И Альбина выбежала вон - собирать свидетелей, делиться своим потрясением…
- Пресвятая дева… Это не сон? Я произнес эти стихи вслух? - - спрашивал Патрик (сам он был ошарашен больше всех, конечно!).
- Говорите же еще, еще! Упражняйтесь! - поощрял и подхлестывал Пенапью. - Ну? Ваше имя?
- Патрик… - чувствовалось, что он пробует слово на вкус и на вес. А может, еще и на цвет и на запах!
- Молодец. А мое - знаете?
- Пенапью. Симпатичное слово… птичье, да?
- На птичье я согласен! Мне раньше казалось, что оно больше с пивом связано… Так, прекрасно… А теперь спойте что-нибудь. Чтоб уж совсем убедиться. Сможете?
Патрик смущенно оглянулся - наверху сгрудились музыканты, они были взволнованны.

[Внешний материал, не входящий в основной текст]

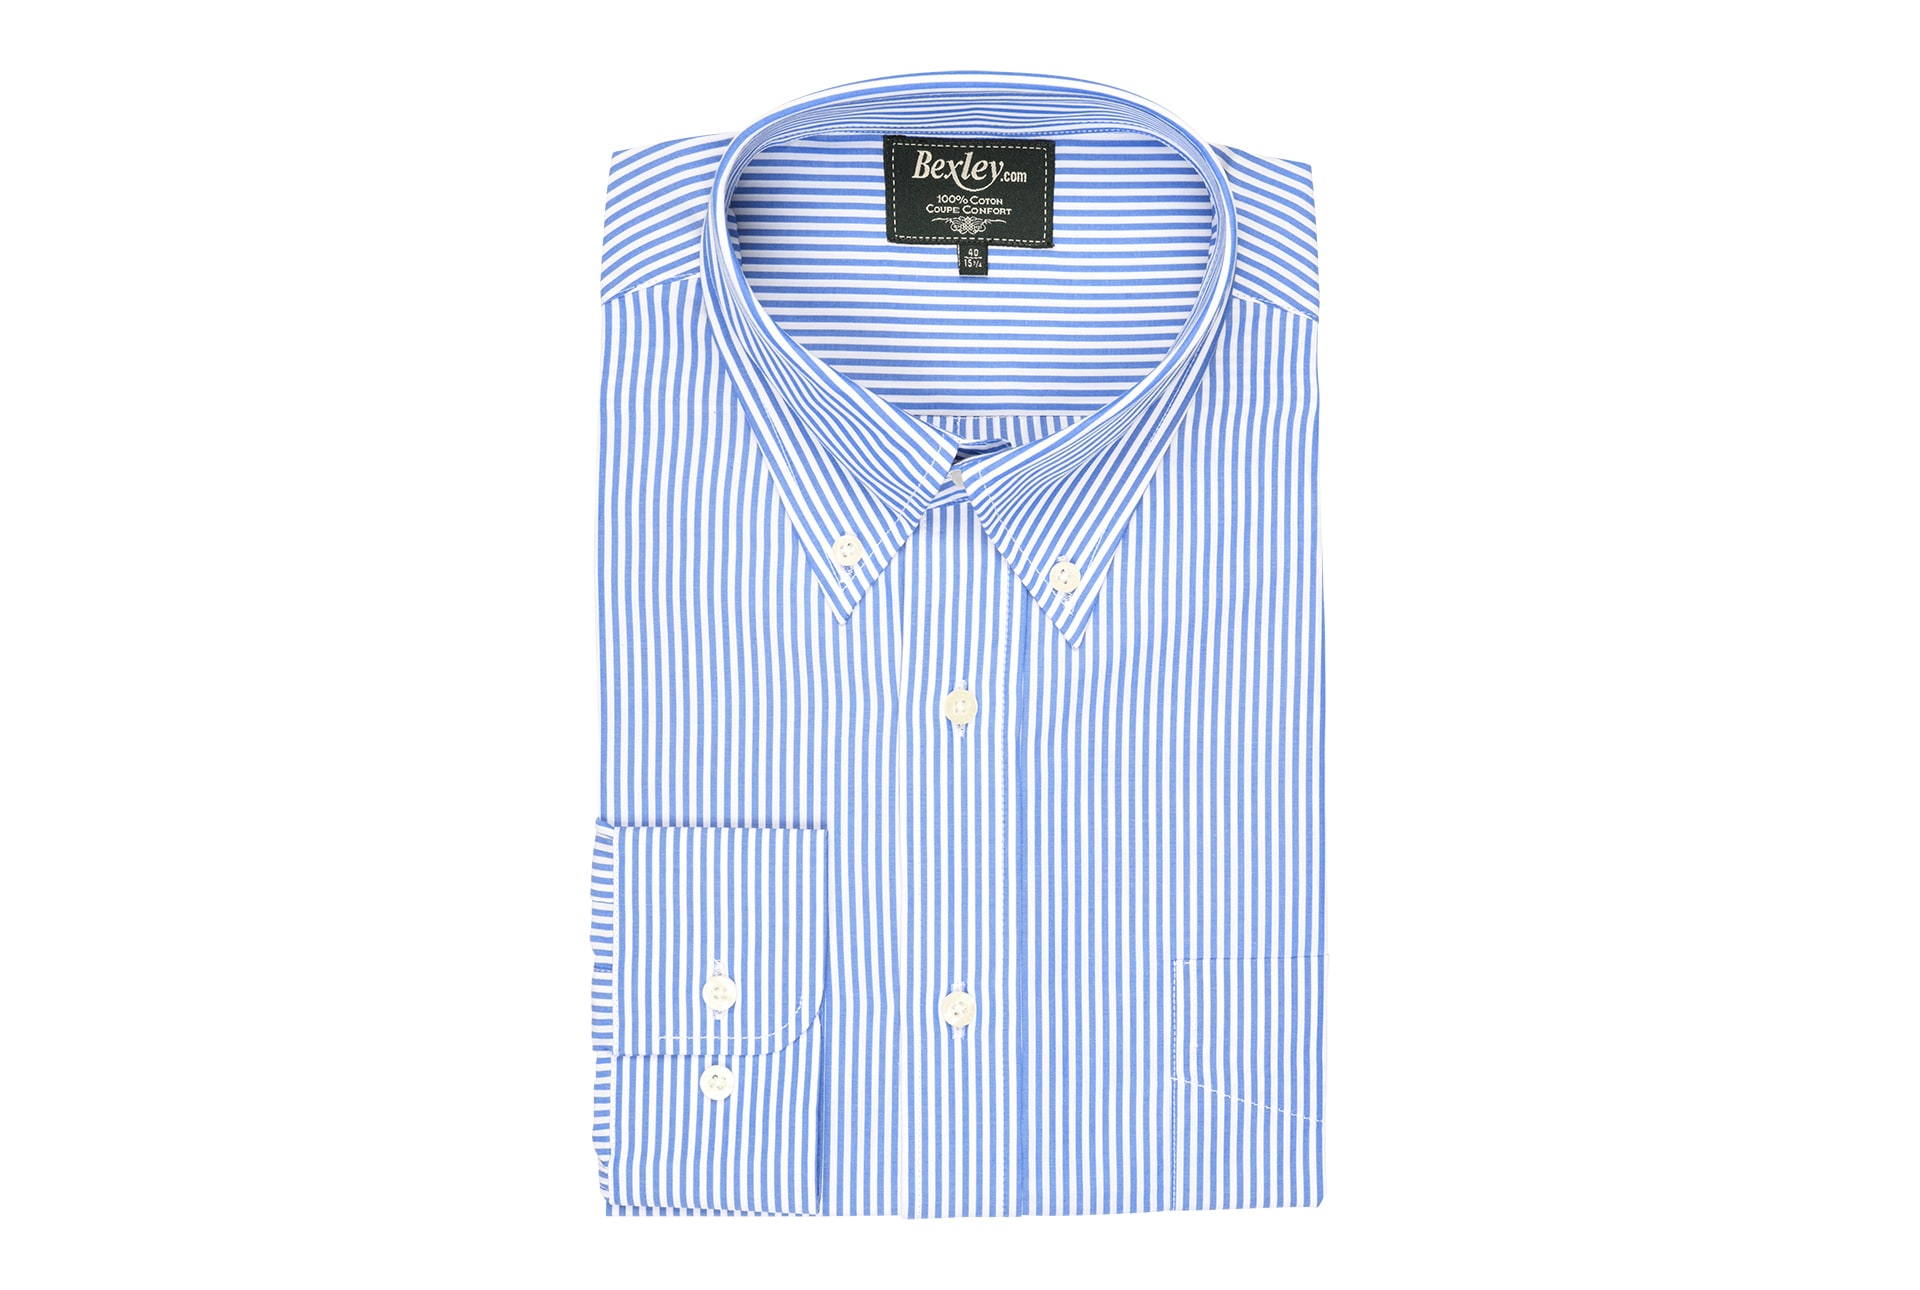 bexley chemise homme 100% coton, bleu ocean et blanc, manches longues, coupe confort

Заговорили наперебой:
- Наши поздравления, господин Патрик!
- Сударь, это поразительно… Отчего это с вами?
- А правда, попытайтесь спеть, а? Свое что-нибудь!
- Только с вашей помощью, конечно… И не судите строго: я как пьяный сейчас… Почему именно сегодня, а? Никто не знает? Братцы, что хотите думайте обо мне, а я скажу: нравится мне мой новенький голос! Петь? Извольте! Ярмарочным зазывалой? Тоже могу! О небо… спасибо, но я не понимаю, за что… и почему именно сегодня, сейчас… Шатает меня, я сяду. Нет, встану все-таки. Начнем… не то я заплачу, это будет глупо и неинтересно…
И бывший немой запел:
О чем я тут собрался напевать?
Про что моя последняя страница?
Трех лучших я хочу короновать…
Трем главным я желаю поклониться…
Какие бы настали холода,
Когда б не наши три великих чувства:
Любви, во-первых,
Во-вторых, стыда,
И в-третьих, наслажденья от искусства!
Безумие - страдать из-за принцесс,
Которые вас нежно убивают…
А все ж любовь - божественный процесс,
Сладчайший, и напрасным не бывает!
Одни лишь негодяи никогда
Сполна не отдаются этим чувствам -
Любви, во-первых,
Во-вторых, стыда,
И в-третьих, восхищения искусством!
Краснеть умеет только человек!
Не будь стыда и совести в помине,
Тогда бы покраснели воды рек
За нас, убитых нами же самими…
Но выстоят земные города,
Благодаря волшебным этим чувствам -
Любви, во-первых,
Во-вторых, стыда
И в-третьих, очищения искусством…
28.
Канцлер был в теплом халате и ночном колпаке с кистью: как ни велика его сила воли, следовало лечь, отступить перед этим поганым насморком… Вот и шпион его держится поодаль, вздрагивает от каждого чиха, - это тот лысый лакей, которого мы считали слугой короля (и простаками были близорукими: во дворцах вообще все не так, как выглядит и кажется!).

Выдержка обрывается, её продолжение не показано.